Again the disadvantages of a non-contiguous monument without full-time staffing were apparent. Richardson spent more time at Inscription House than did anybody in the Park Service, and even John Wetherill, with all his knowledge of the region, could do little to prevent Richardson's actions. To people like Richardson, the fruits of prehistory were theirs to harvest; their value system reflected the first-come, first-served ethos of the settlement of the West. Despite the existence of laws like the Antiquities Act, there was little that could be done without an investment of capital and workpower. But the agency still had far too few resources to adequately protect every park and monument, and there were many other park areas ahead of Navajo on the list of NPS priorities.
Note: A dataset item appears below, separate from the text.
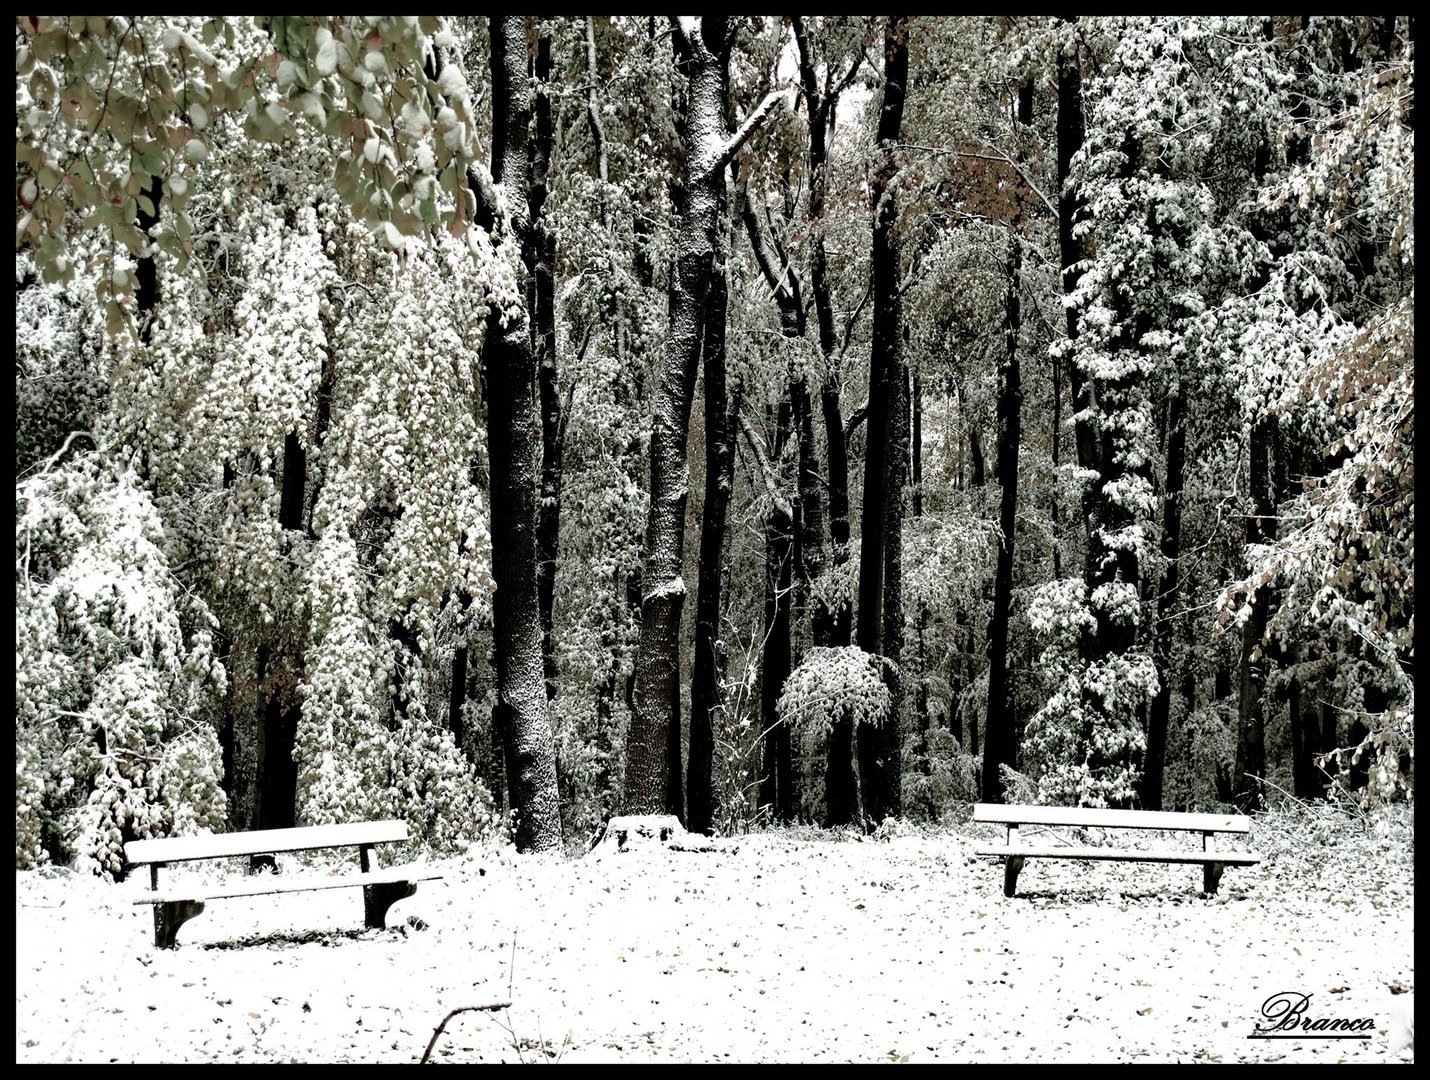 Schne in Wienerwald

At this time, national park status was the prize that assured the survival of a park area, and during Horace Albright's administration, acquisition of new park lands was the critical feature of NPS policy. The best way to improve the chances of Navajo National Monument was to elevate it to park status, acquiring new land in the process. During the early years of the depression, Albright successfully made an efficient-management-by consolidation argument on a number of occasions. A number of new and enlarged park areas resulted. By the early 1930s, Navajoland, as the reservation area had been labeled, and the Navajo National Monument area looked like good candidates for such a proposal.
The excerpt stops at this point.